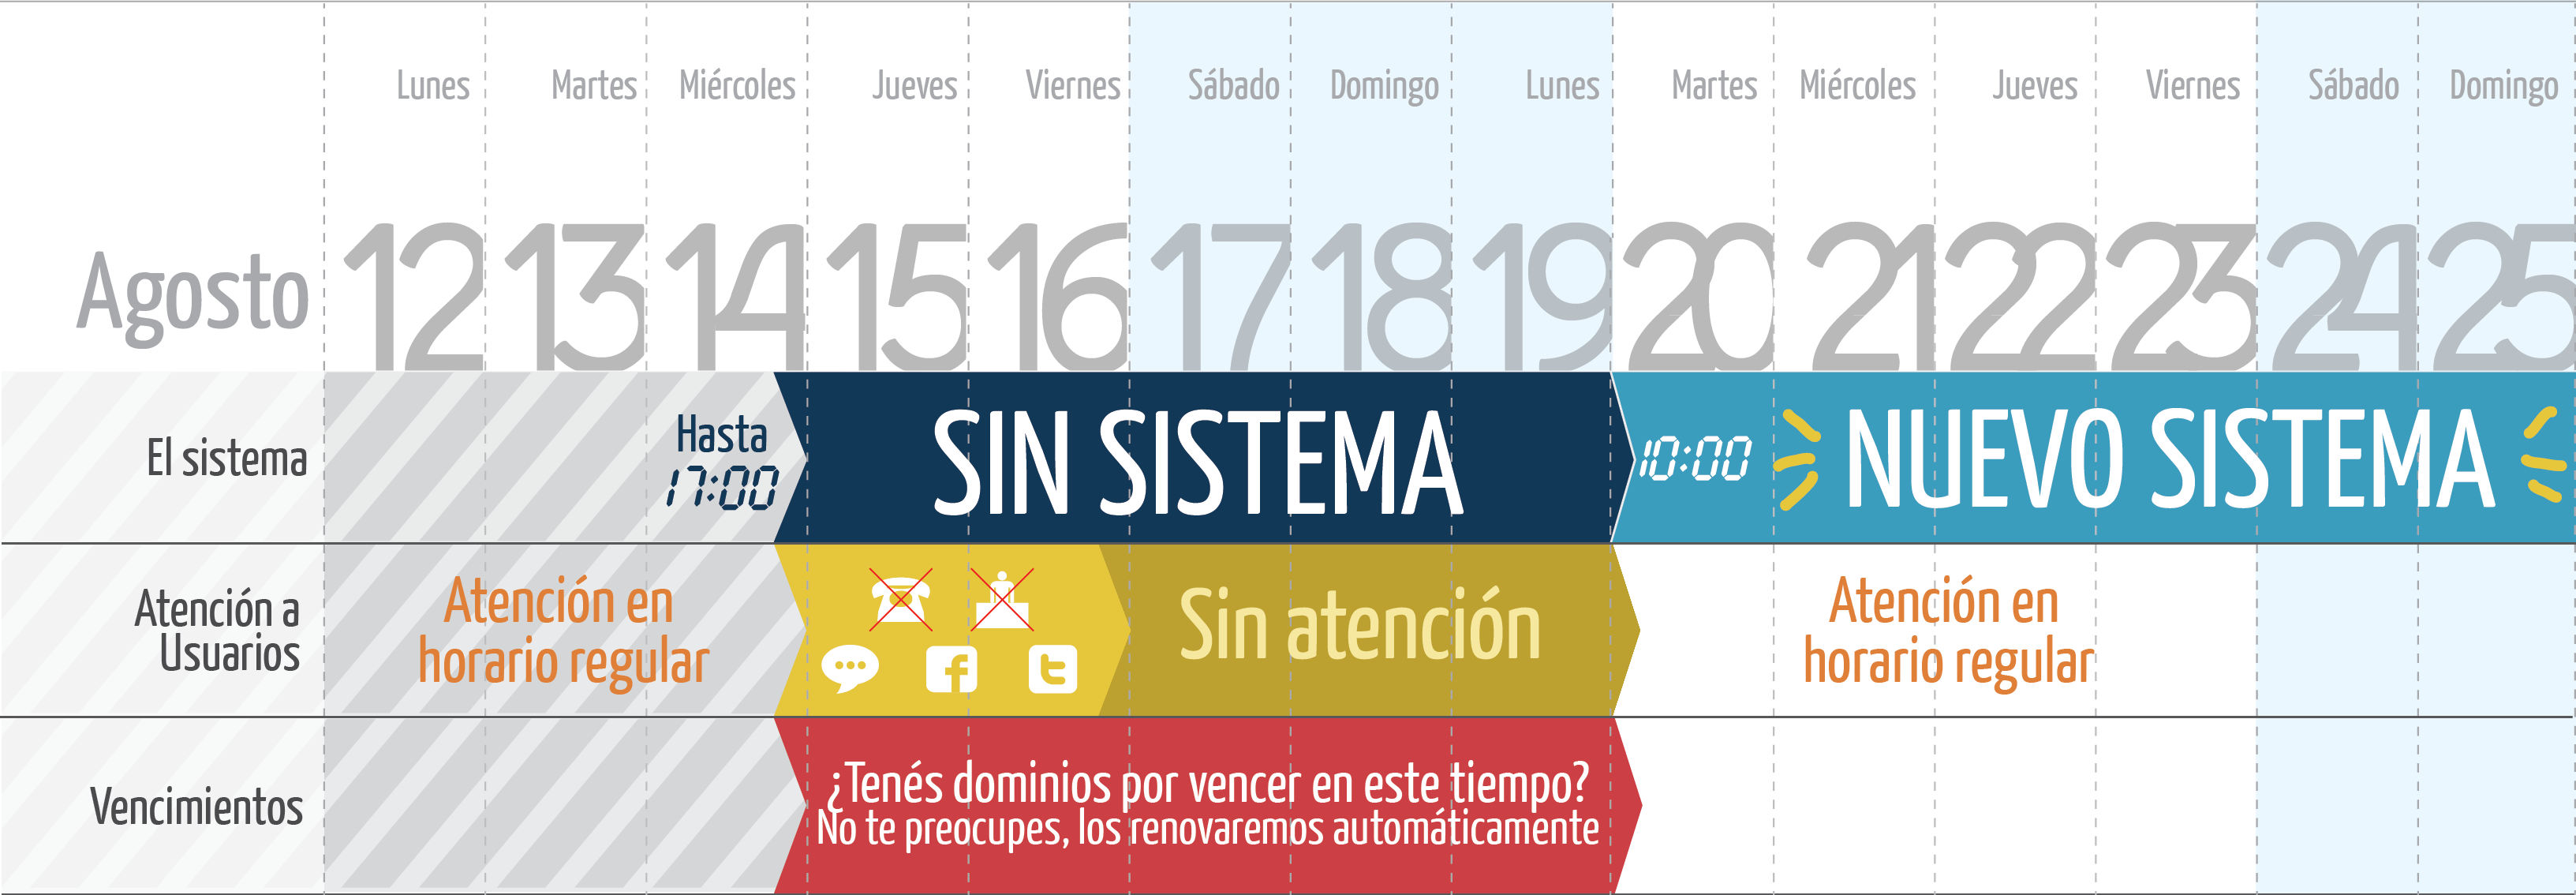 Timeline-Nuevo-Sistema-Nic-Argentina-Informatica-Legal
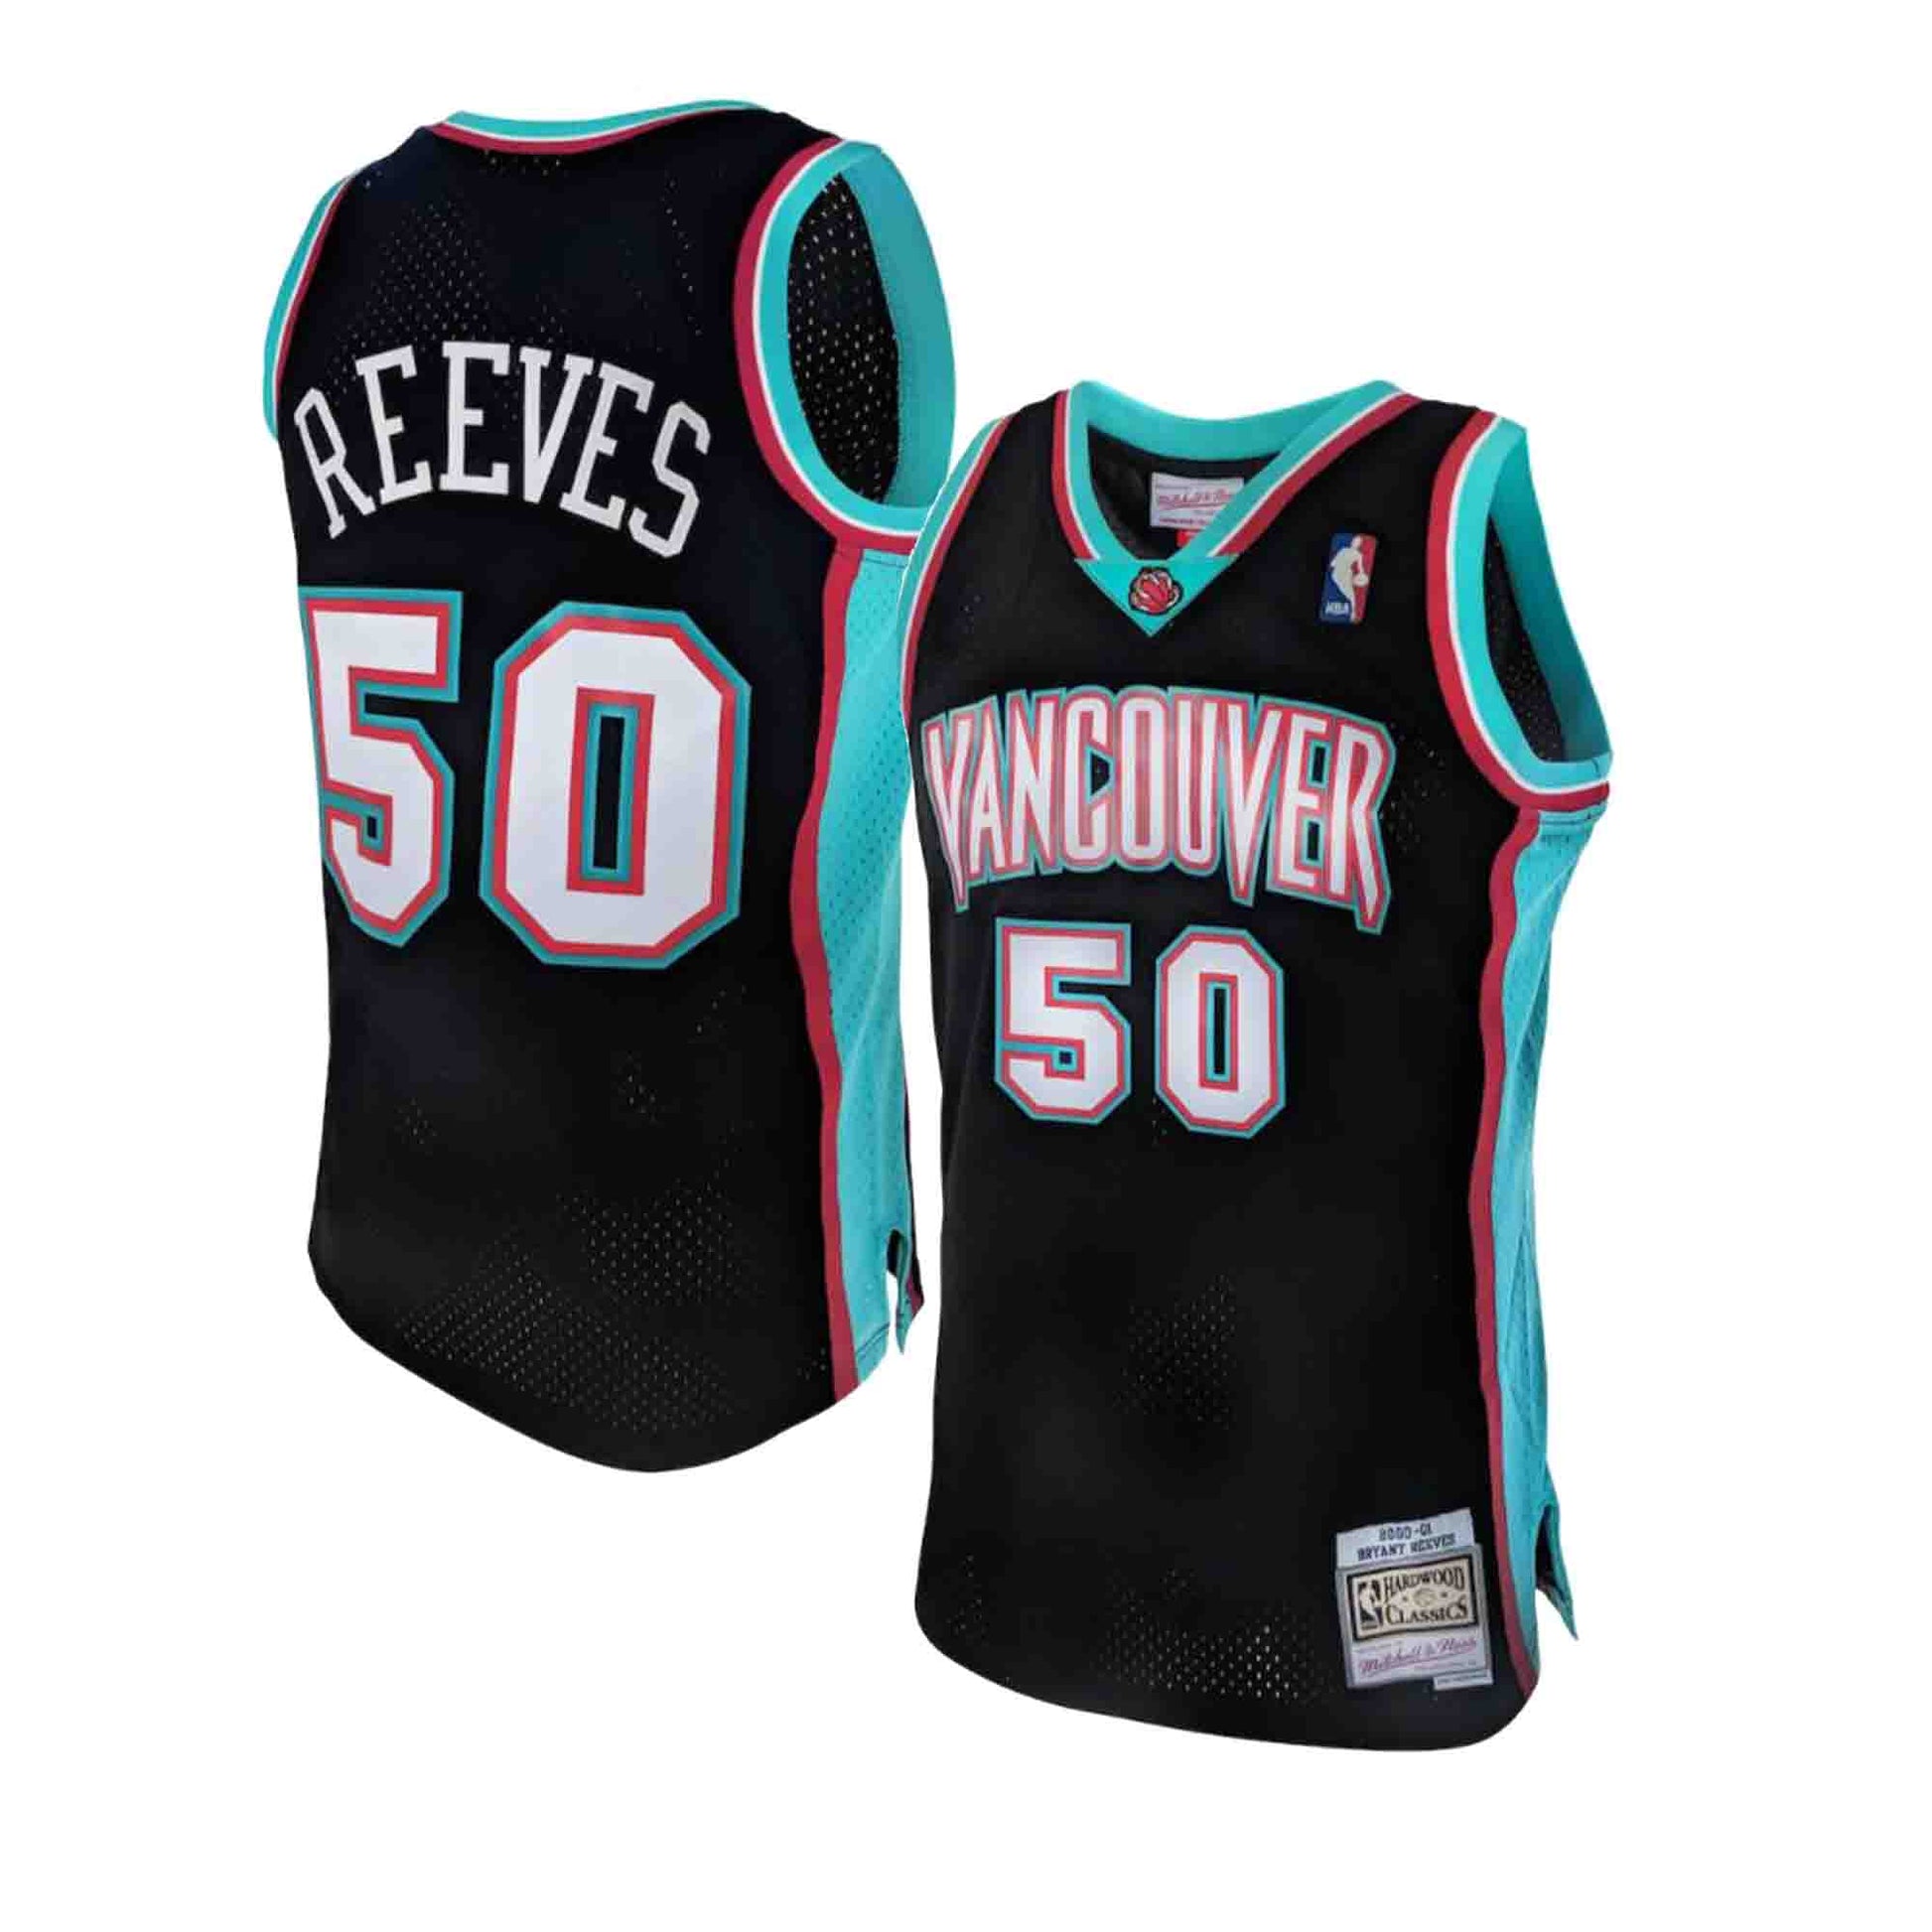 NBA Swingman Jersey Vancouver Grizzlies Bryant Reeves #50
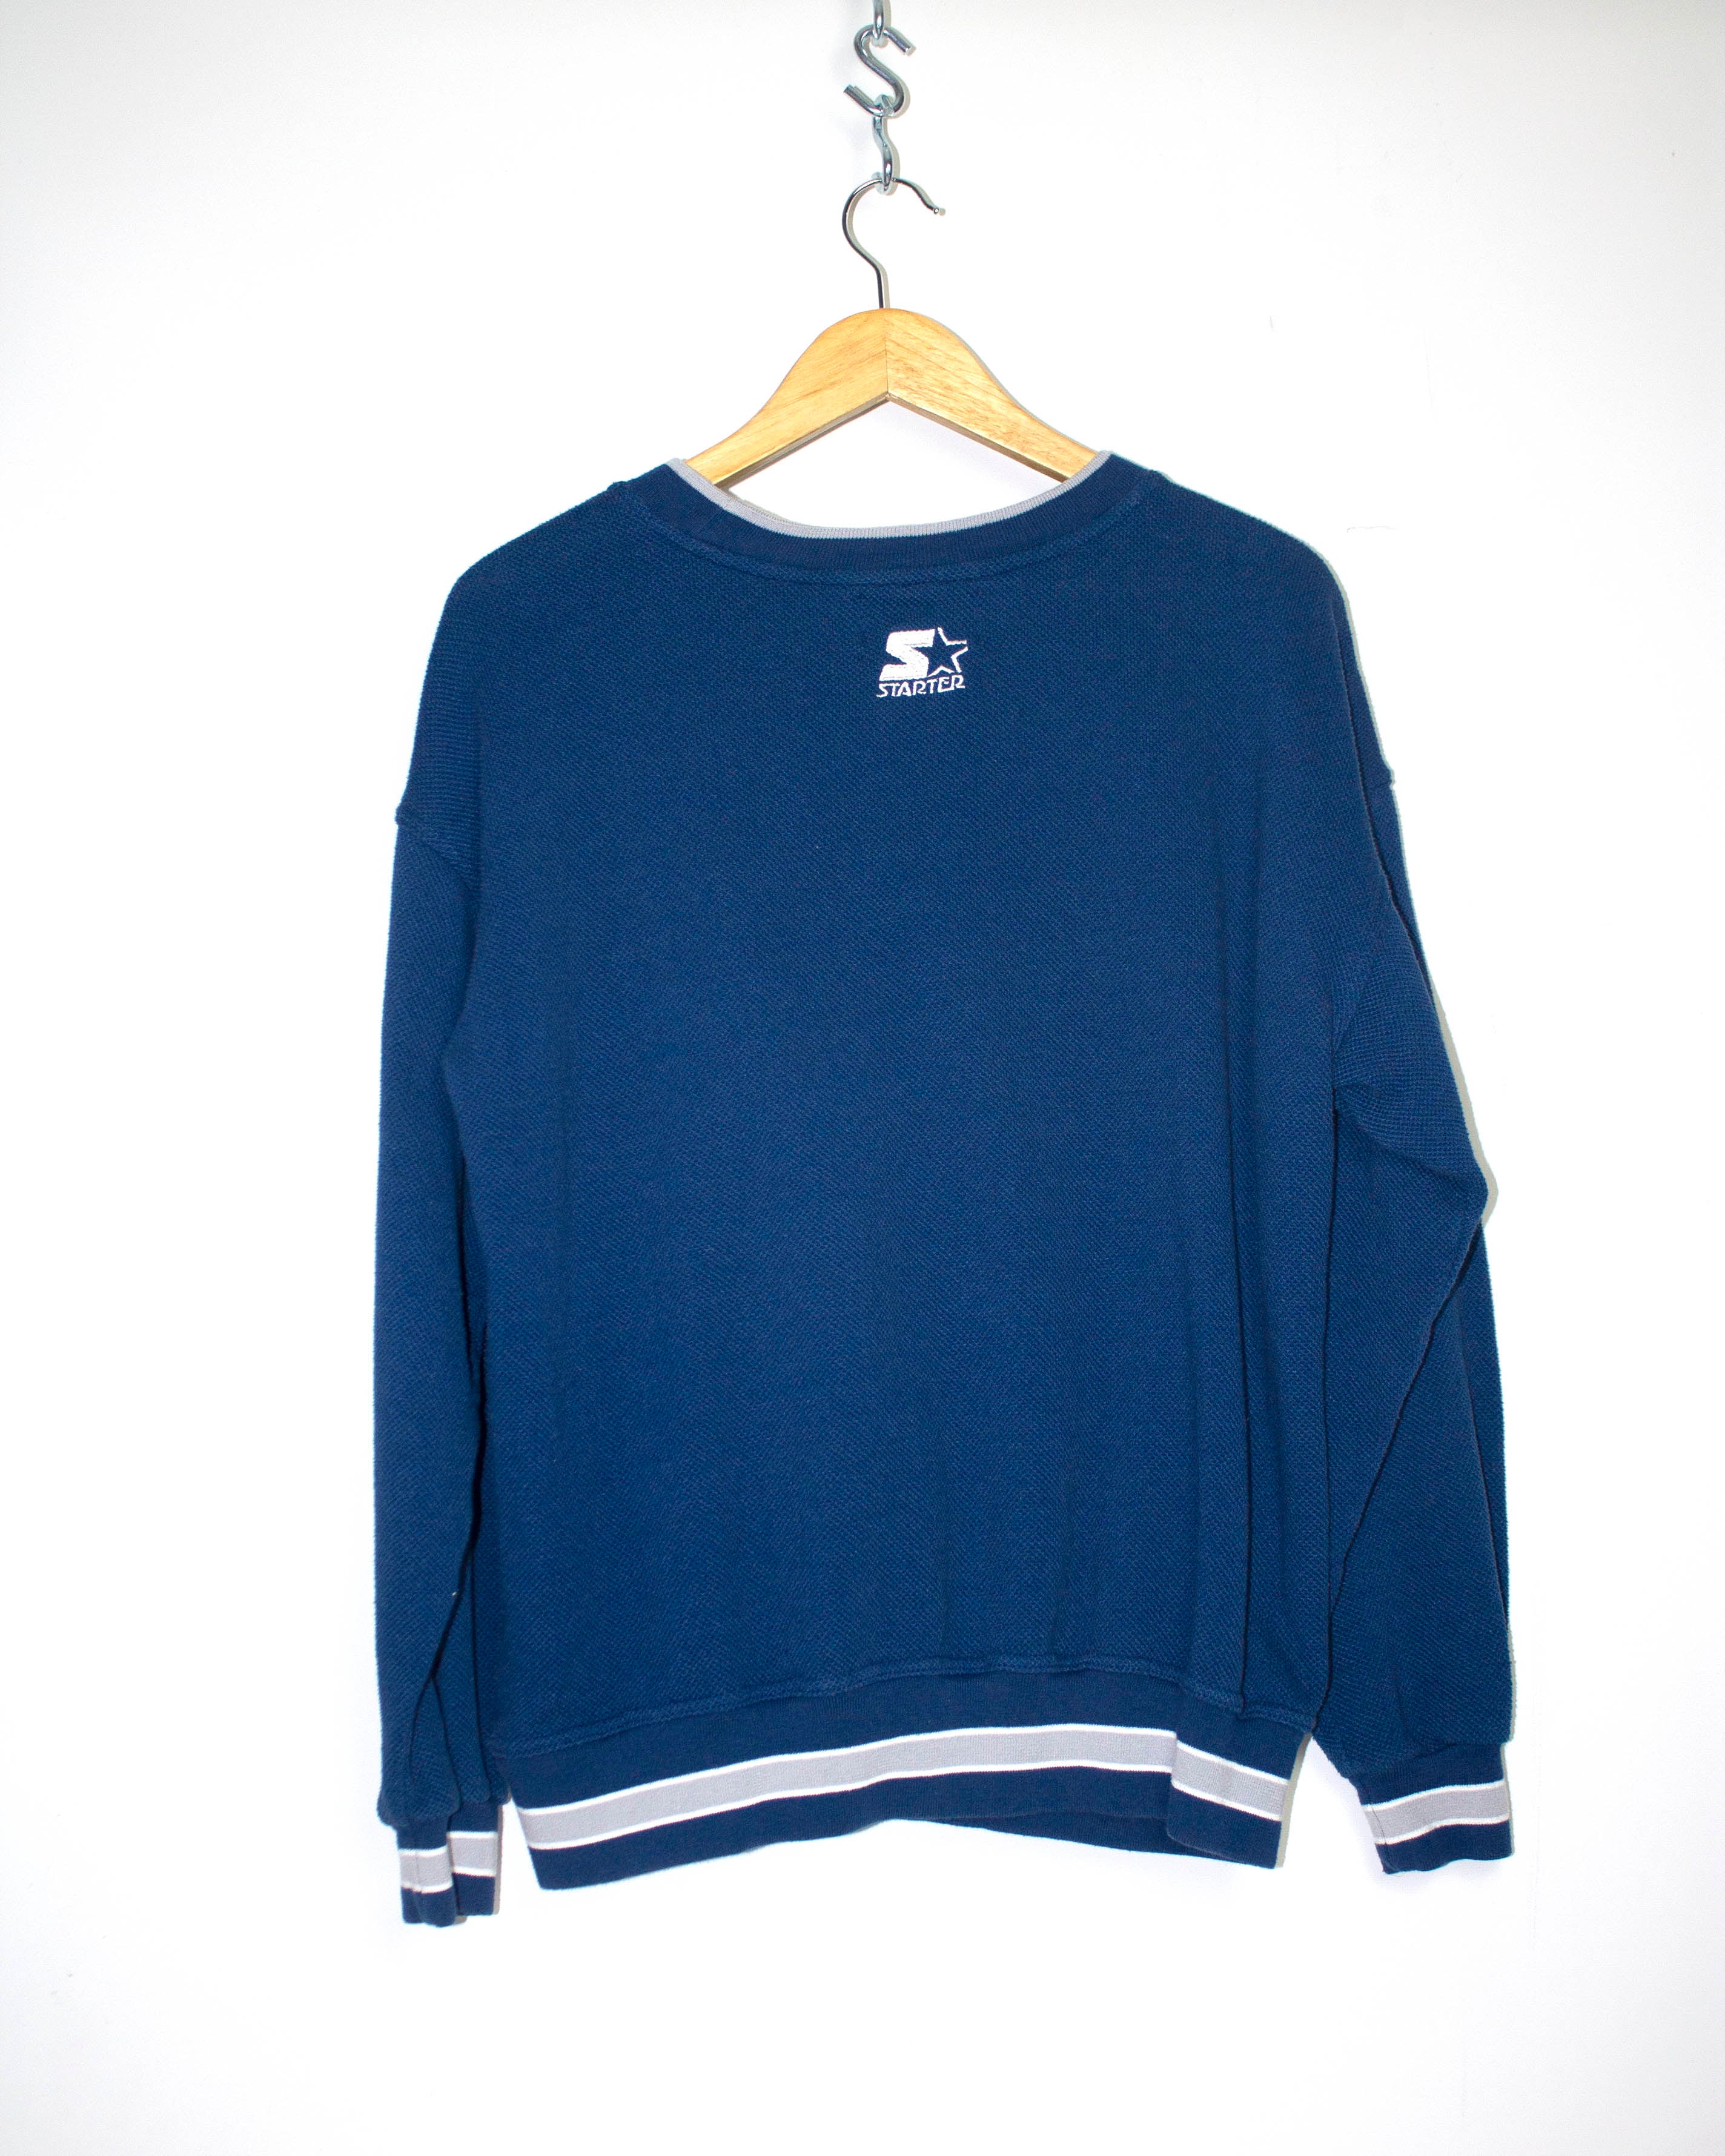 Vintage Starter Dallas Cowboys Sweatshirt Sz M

◆ **EXERCISE REQUIREMENTS**: Without the pictures, return the whole of the data exactly as given.

◆ **WORKED SOLUTION**:
 Timeline-Nuevo-Sistema-Nic-Argentina-Informatica-Legal
 NBA Swingman Jersey Vancouver Grizzlies Bryant Reeves #50
 Vintage Starter Dallas Cowboys Sweatshirt Sz M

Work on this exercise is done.